Comparing Feature Importance and Rule Extraction for Interpretability on Text Data
Gianluigi Lopardo, Damien Garreau
TL;DR
This work tackles interpretability in natural language processing by comparing two popular local explanation methods: LIME, a perturbation-based feature-importance approach, and Anchors, a rule-based technique that yields simple, high-precision explanations. The authors adapt both methods to text data under TF-IDF representations and introduce a quantitative metric, the $ell_E$-index, based on Jaccard similarity to assess how well explanations recover the most influential words.

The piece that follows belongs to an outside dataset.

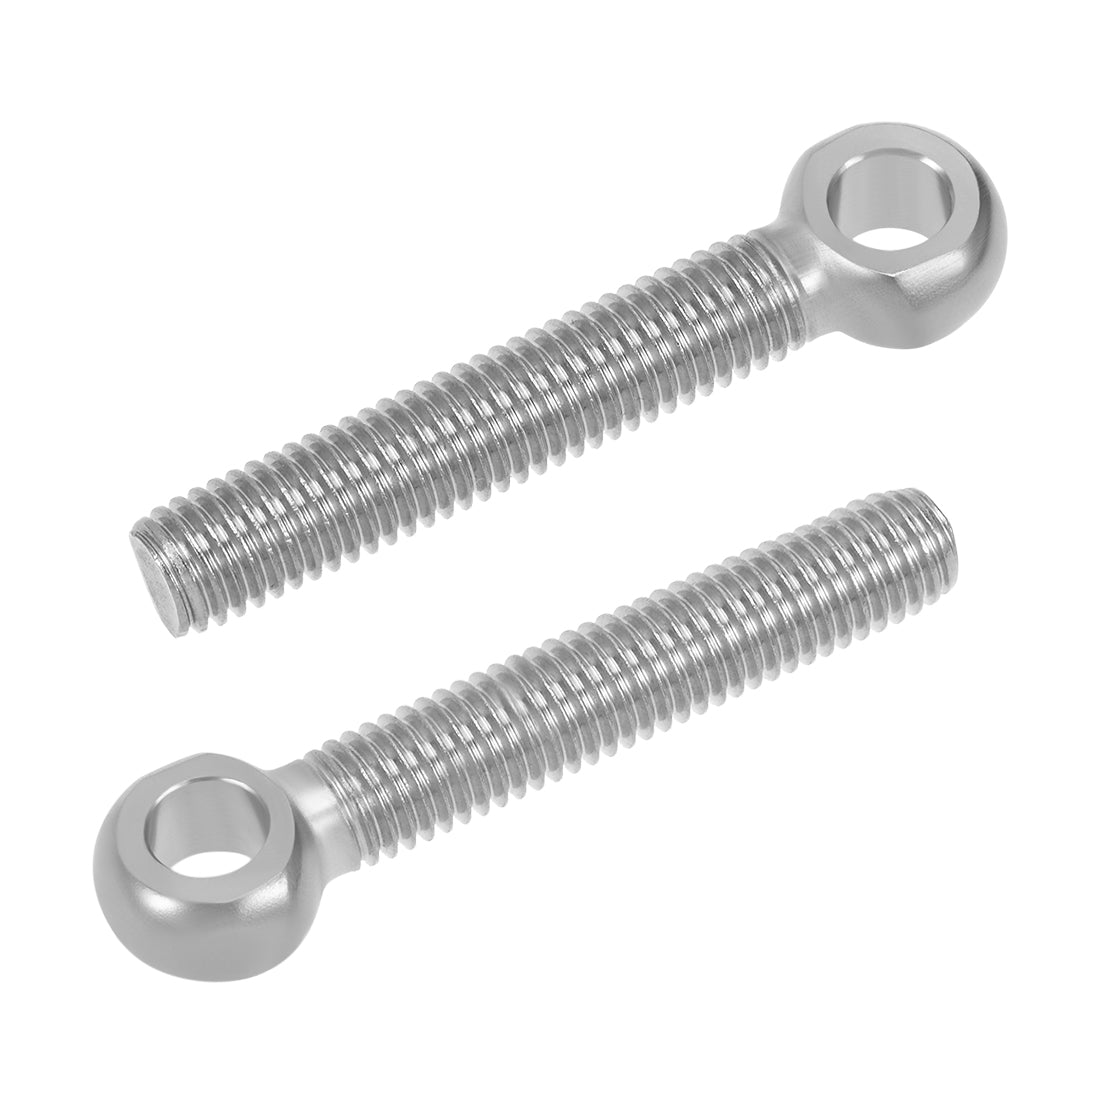 uxcell Uxcell M10 x 60mm Machinery Shoulder Swing Lifting Eye Bolt 304 Stainless Steel 2pcs
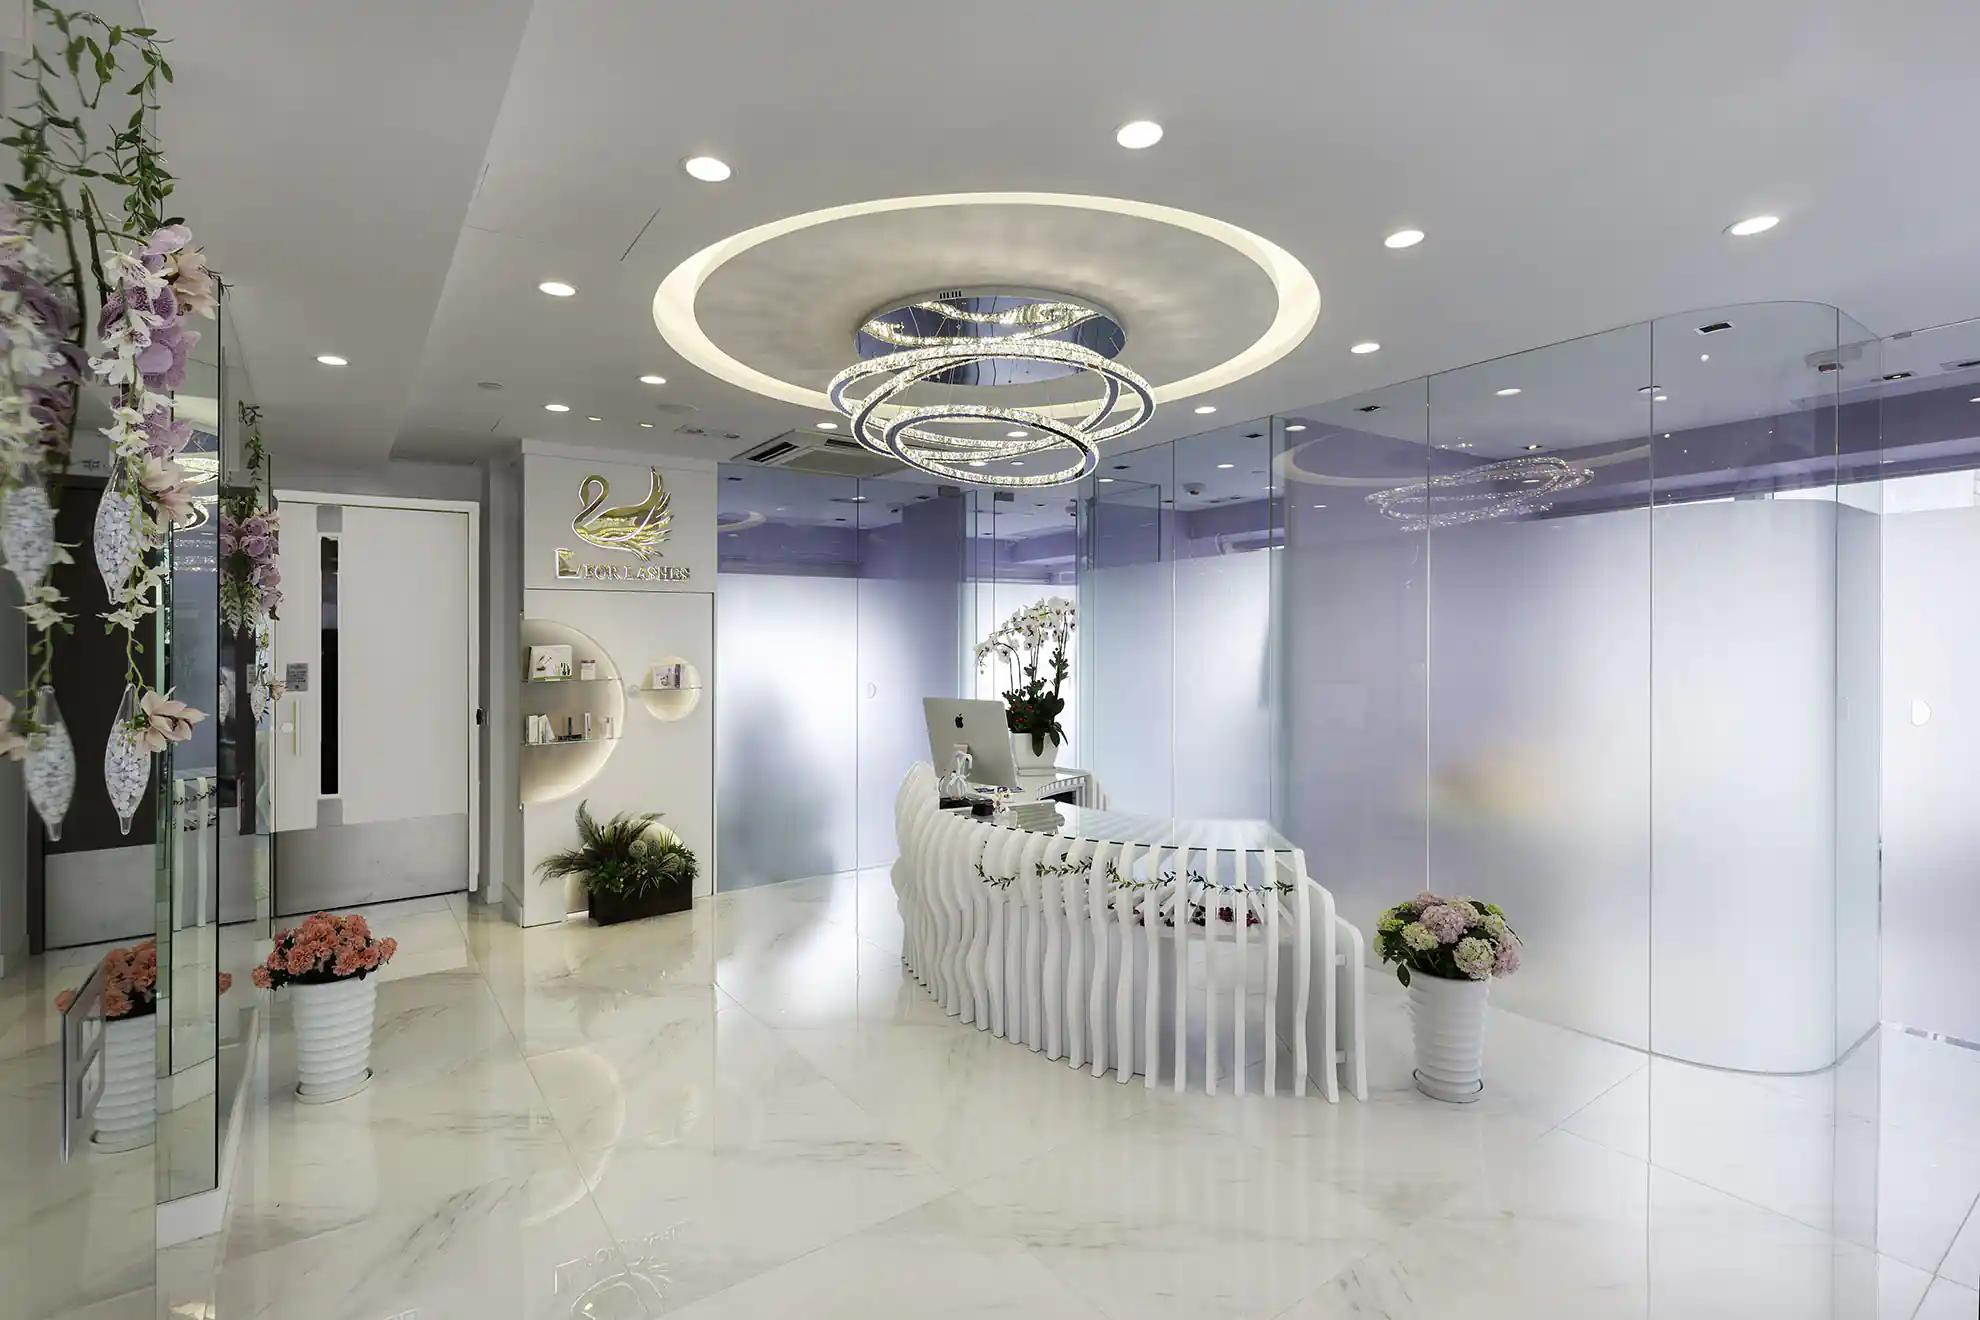 Reception hall of L for Lashes

Through qualitative and quantitative experiments on sentiment classification with simple models (e.g., small decision trees and sparse logistic models), they show that LIME and Anchors can produce substantially different explanations, with LIME generally better at capturing multiple informative words and Anchors often relying on single-word anchors influenced by word multiplicities. The study highlights the method-dependent nature of explanations, provides a concrete evaluation tool for cross-method comparison, and suggests practical guidance for selecting explainers in text applications.
Abstract
Complex machine learning algorithms are used more and more often in critical tasks involving text data, leading to the development of interpretability methods. Among local methods, two families have emerged: those computing importance scores for each feature and those extracting simple logical rules. In this paper we show that using different methods can lead to unexpectedly different explanations, even when applied to simple models for which we would expect qualitative coincidence. To quantify this effect, we propose a new approach to compare explanations produced by different methods.